13 OCTOBER 1973, Page 22

Out of the box

Peter Adixoyd

The Heyday Bamber Gascoigne (Cape £2.25). Jane Dee Wells (Blond and Briggs £2.75). Star Dust On The Pavement Frederick Broadie (Chatto and Windus £2.00).

I suppose that it is no longer insulting to call someone a 'television personality,' and the phrase has entered that unctuous limbo to which 'intellectual' and 'radical' have already been consigned. So aspiring authors, like Ms Wells, and maturing authors, like Mr Gas coigne, won't take it amiss if I say that they are more notorious on visual than they are in print. Stardom does not, of course, prevent anyone from being talented — and in Gascoigne's case it is just as well, since he has written a very fine novel indeed. The Heyday is at its sunniest in what is now known as the 'Edwardian era, an age immortalised on the small screen and one destined to become the flea-pit of nostalgia. It concerns the researches of a certain homosexual baron into the theatrical and romantic past of his deceased grandmother. The Proustian ironies of the celebrant will not escape you, especially since the novel opens with the grandmother herself dipping some unmentionable biscuit into a cup of tea. It is this libation which initiates the narrator's quest, and the past is all before us.

This past is enshrined in the faded diaries of the old woman, and it is mainly consumed in those few months on the boards when she found a husband and lost a public. According to the scrupulous reconstructions of the' narrator, we learn that she has joined up with the travelling company of Mrs BandmannPalmer. Mr Gascoigne captures very well the giggles and the adventures which must have beset a company of actors in those awkward days — more than slightly gay, as it turns out, but dominated by the elderly harridan who owns the company and plays all the best parts: including Hamlet. The grandmother narrates her attachment to a young and handsome leading man, only to be shocked by his eventual liaison with another leading man. Homosexuality has always seemed of recent invention, and I shared the grandmother's embarrassment. She finally makes the best of thoroughly bad job, and marries into the 'actressocracy" in the shape of an elderly peer who becomes the narrator's grandfather.

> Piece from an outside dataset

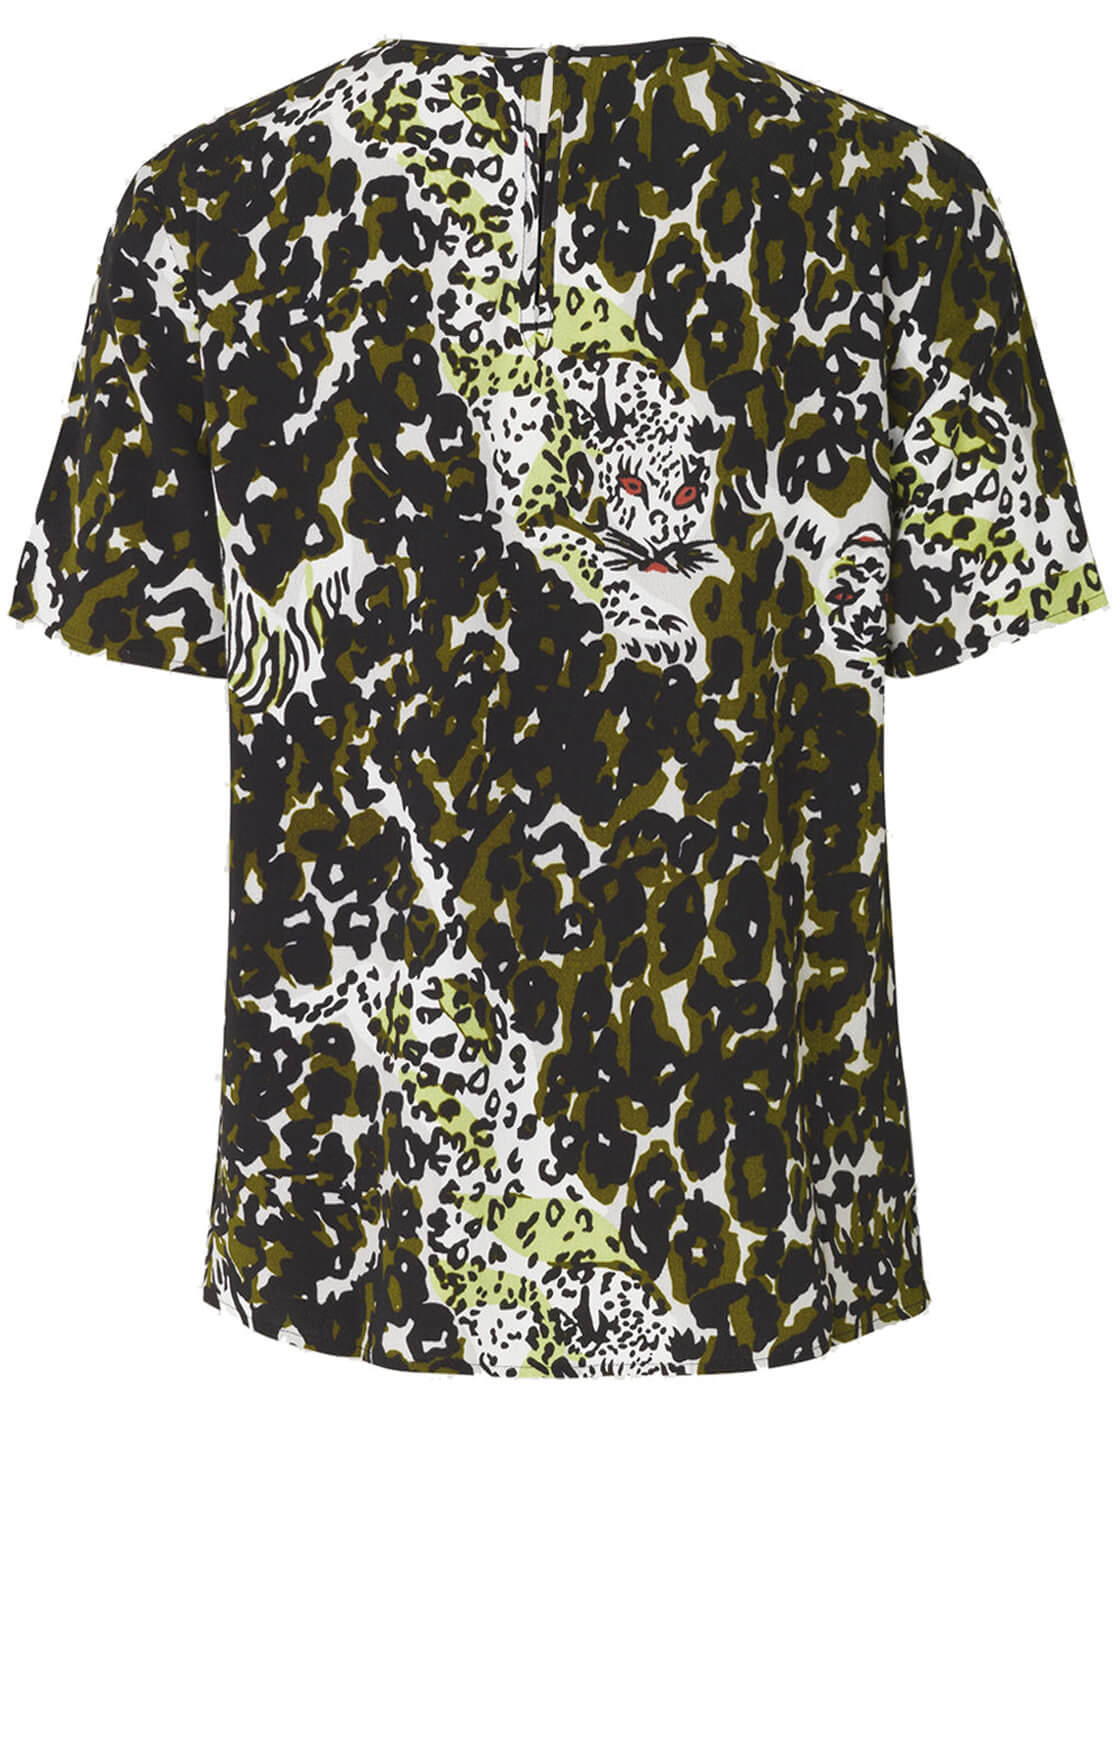 Samsoe Samsoe Dames Herdis camouflage shirt groen

But her aspirations toward a love life are only the Gascoigne's evocation of an age that seems both familiar and distant. Clearly the narra tor in the guise of Mr Gascoigne undertook research before he embarked on the narrative.

I vaguely remember seeing both of them emerging from the Reading Room at the British Museum (which I have always found a marvellous short-cut on the way to lunch), slightly the better for wear. For Mr Gascoigne has managed to resuscitate the manners of the time, and evokes the enormous change in social mannerisms. Those were the days, remember, when we kissed hands and rode bicycles. Ehue fugaces and all that rot. Gascoigne himself manages to puncture the easy nostalgia by providing what might loosely be described as a surprise ending, in which the narrator's sexual preferences suddenly become much more relevant. Perhaps I should be employed to write publisher's blurbs.

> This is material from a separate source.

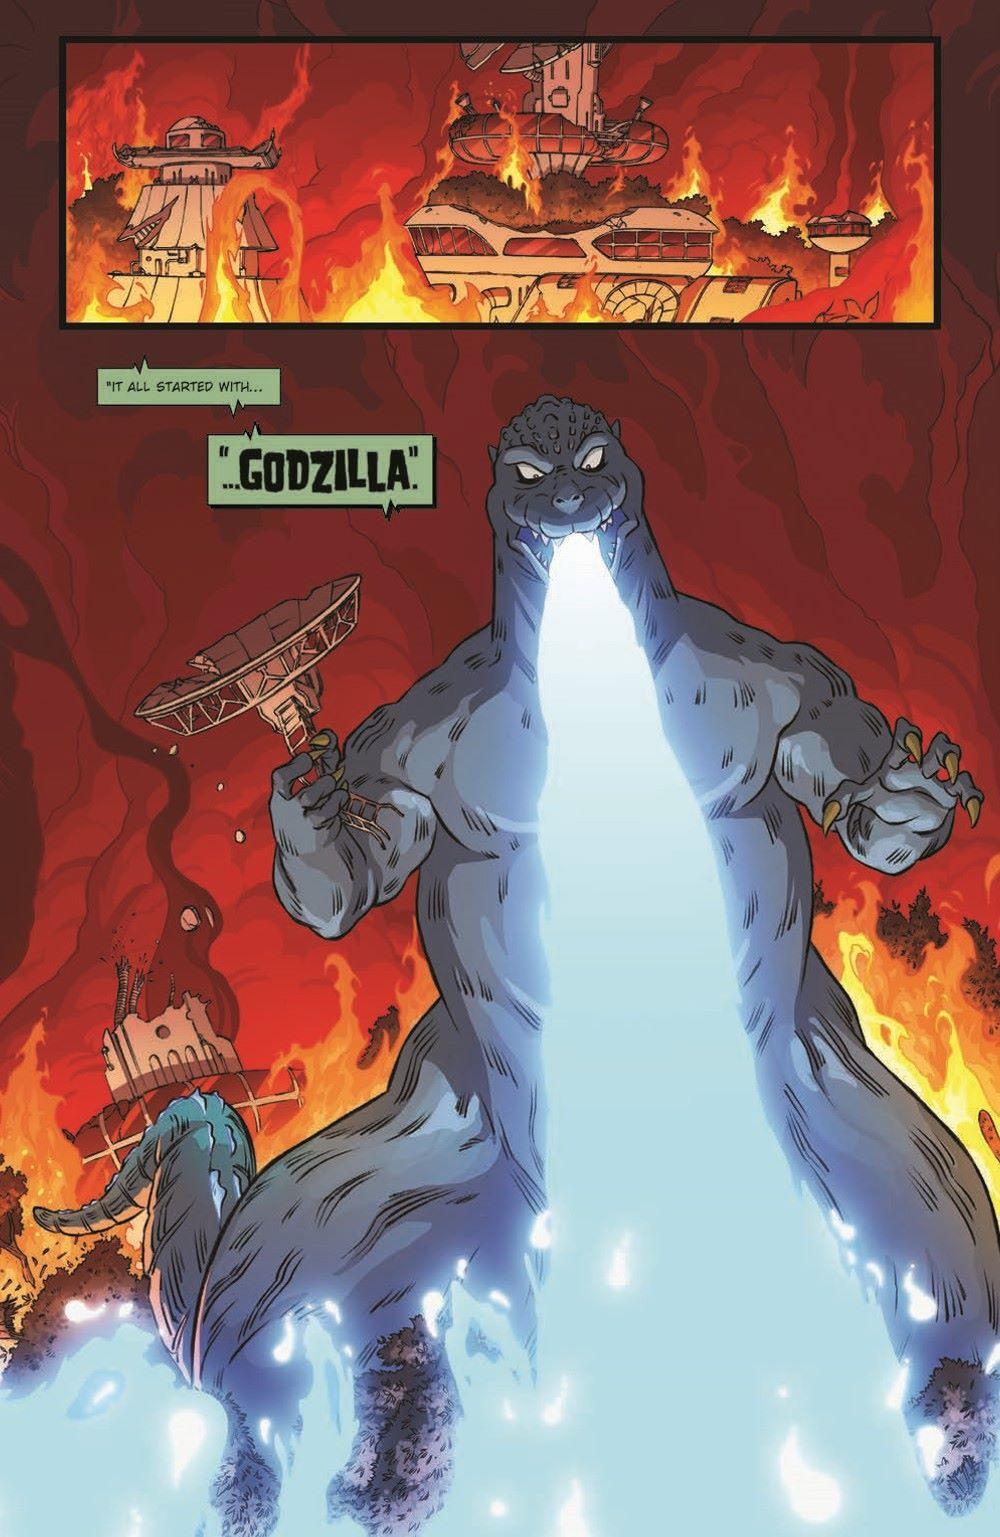 Godzilla_MnP_01_pr-4 ComicList Previews: GODZILLA MONSTERS AND PROTECTORS #1 (OF 5)

But not by Blond and Briggs, who have surpassed themselves with Dee Wells's Jane.I assume that Ms Wells has decided that her respective publics as 'personality' and authoress will be much the same, since she has the same manner and preoccupations under both guises. I did not take to the heroine of the title, a thoroughly modern woman who lives in a converted warehouse and smokes pot. She writes for left-wing newspaper (which I have always thought to be a contradiction in terms), and writes interminable articles on Eastern European films. There is one in every middle-class family. But she has a cleaner called Mrs Bush, who speaks real Cockney and votes Tory. Poor dear, she obviously doesn't know any better. Jane is flip but enormously sincere, with liberated views and liberated manners. In short, a terrible , bore. Jane is, plainly, what Jonson used to call a 'caterpillar of the commonwealth' — a woman who exists only in terms of contemporary fashion and becomes an embodiment of the mannerisms and slogans of our desperate, liberated time. This weakens the element of fiction, and reduces both plot and protagonists to the level of stereotypes. For Jane has three rather familiar boy-friends. There is Anthony, an aristocrat who, like all aristocrats, has a stiff upper lip and a weak social conscience: "he didn't see there being anything wrong with there being a colour 'nigger-brown.". There is Tom, the sensitive thief who is basically good but oppressed. And there is Franklin, a lawyer who has a social conscience and is, fortunately no doubt, black. The fun begins when Jane becomes preggers, with the ensuing swelling and doubt. None of the boyfriends know of each other, and how do you explain a white baby to a black lawyer or a black baby to a white peer? It defies the sternest moralist; fortunately the boy-friends fade from Jane's life and bed at roughly the same time. The eternal plight of women IS their phYsiology and Mrs Wells doesn't spare

her narrative the occasional speech on Female Power.

But Jane's undoing is not all her own doing. Fate, as is generally the case in fiction, lends a hand. In the shape of Angela, a patrician journalist, who is learning to "pig in at the Connaught." And in the slightly more rugged shape of Anthony's mother, the Duchess, who is an evil woman. Despite the edge of stereotype in these anti-heroines, they were the most achieved and imaginative in the book. I had a suspicion that Ms Wells admired these elitist snobs despite herself — certainly her social comedy and drawing-room portraits suggest a higher vision than that of Jane herself. For the novel as it stands is too contemporary by half, and in this kind of fiction it is too easy to be both self-indulgent and didactic. Jane is a victim of both of these.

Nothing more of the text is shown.